Are you expecting your circumstances to change before you become content? Do you say to yourself that if he would only do this or she wouldn’t do this, or if we lived here, or I could buy this or that, then I would be happy?
Well, hard truth here. Are you ready for it? If you say anything close to those things, you are lying to yourself, lies that are causing you to want for what you don’t have, and in the process make everyone, including yourself, miserable. But who do you blame, mostly everyone else or your circumstance for your discontent? The truth is that you and your discontented heart are causing the misery in the home.

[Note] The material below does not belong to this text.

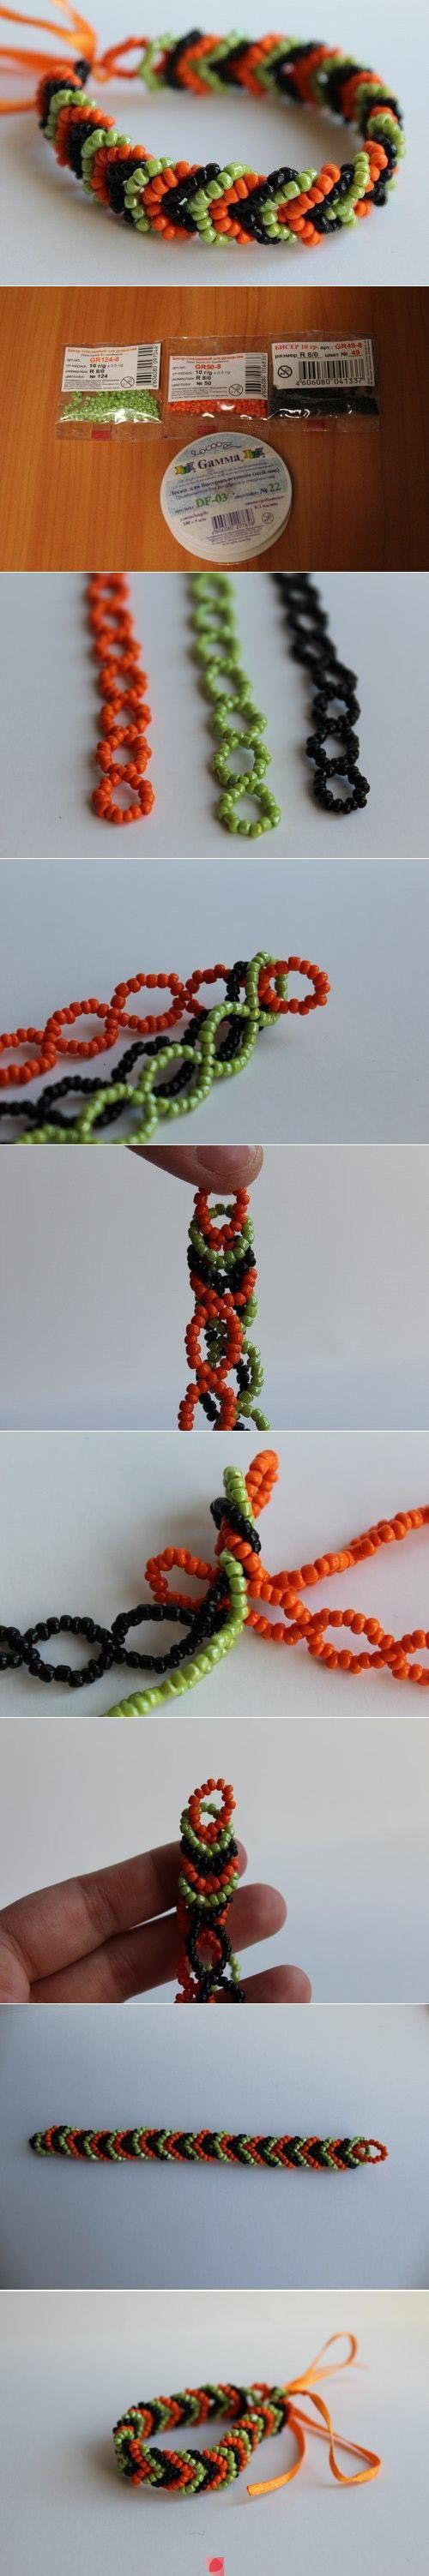 ..layered seed bead rope bracelet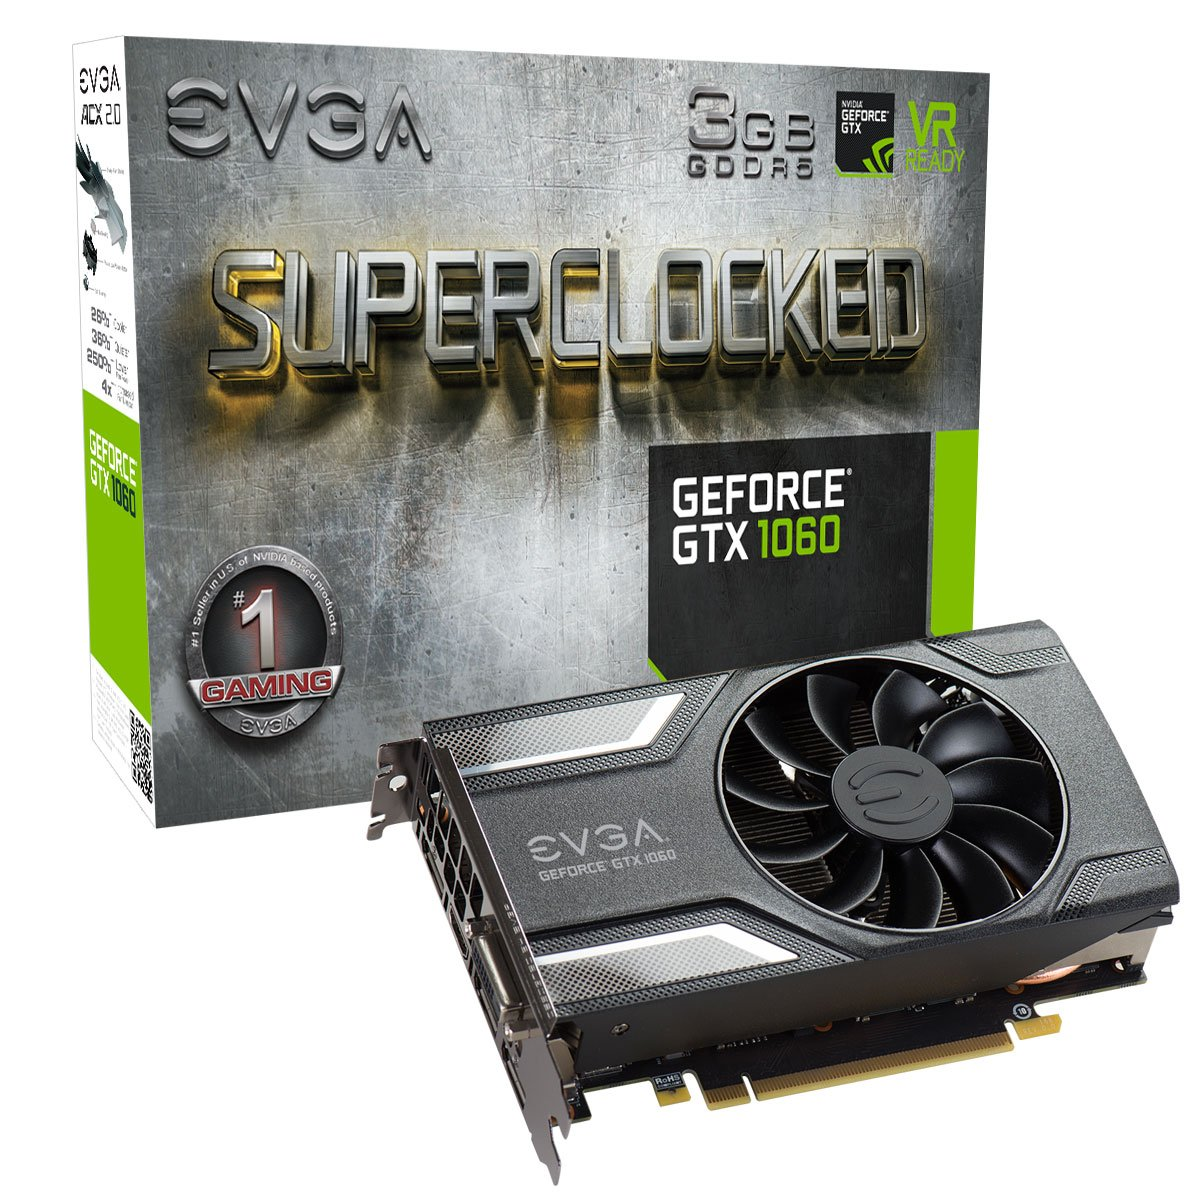 EVGA 03G-P4-6162-KR - Tarjeta gráfica (GeForce GTX 1060, 3 GB, GDDR5, 192 bit, 7680 x 4320 Pixeles, PCI Express x16 3.0): Amazon.es: Informática

Ladies, I cannot begin to tell you how many women I have spoken with over the years that start with a simmering discontent before marriage and that discontent goes into a full boil during marriage. Why? Why do we have to be discontent? Because of sin, we don’t want to let it go. We hold on to same sins because we are truly blind to them. The heart of the matter is the heart. Isn’t that where we must start?
“The heart is deceitful above all things, and desperately sick; who can understand it?”
To start at the heart we must read Scripture, seeking the Lord in prayer, asking the Lord to reveal the sins of our heart to which we are blind, like discontentment. Women are very cunning. We know this, right? We can rationalize anything, and we do, even discontent. We externalize our sin of discontent, really blaming others for our very sin.
Contentment is not found in people, things, circumstances, or locations. No, it never has been. It is only found in the sweet, abiding confidence in the Providence of God. Why do we waste so much time fretting, anxious and trying to manipulate our circumstances to finally be happy (contented)? It is because we haven’t believed God, we have believed our deceitful hearts. Many times, we refuse to be teachable.We refuse what is best for us. We refuse to be comforted.
Do not waste all of your time and your family’s time being miserable, waiting for the “perfect” circumstances. Because, dear, they never will come. Never. Those circumstances don’t exist. Oh, sure you think they do, and I once did also, and you put more faith in the “only if’s” than you ever put in God, that you allow your heart to deceive yourself. Reject your heart. Don’t follow your heart. Follow God. Trust God.
Love you husband and family. Give them the joy of the Lord. They don’t deserve the misery a discontented heart always brings.
Every morning when you rise, you make the decision to either be miserable or to be content, to trust a deceitful heart or trust God from whom all blessings flow. Be thankful, even when you don’t “feel” thankful.
Your heart is where is starts. Everything you say and do flows from that.
Go to Scripture. Take the time. Make it a priority for you. When your heart is settled in contentment, when you are at peace, you not only are a happy person, but when you are truly content, your husband and children will benefit from a wife and mama who rests in Jesus. Discontentment too often causes strife in the home.
“True contentment is absolutely essential to happiness. There is a plant called selfishness, and if you will pull it up by its roots you will find that it grows in the soil of misery. Were self completely renounced, and Christ fully received as all in all, sorrow would be so sweetly accepted by us that the sting of it would be taken away. We must be satisfied with what God appoints, or else we shall be constantly the prey of discomfort and the victims of disappointment.”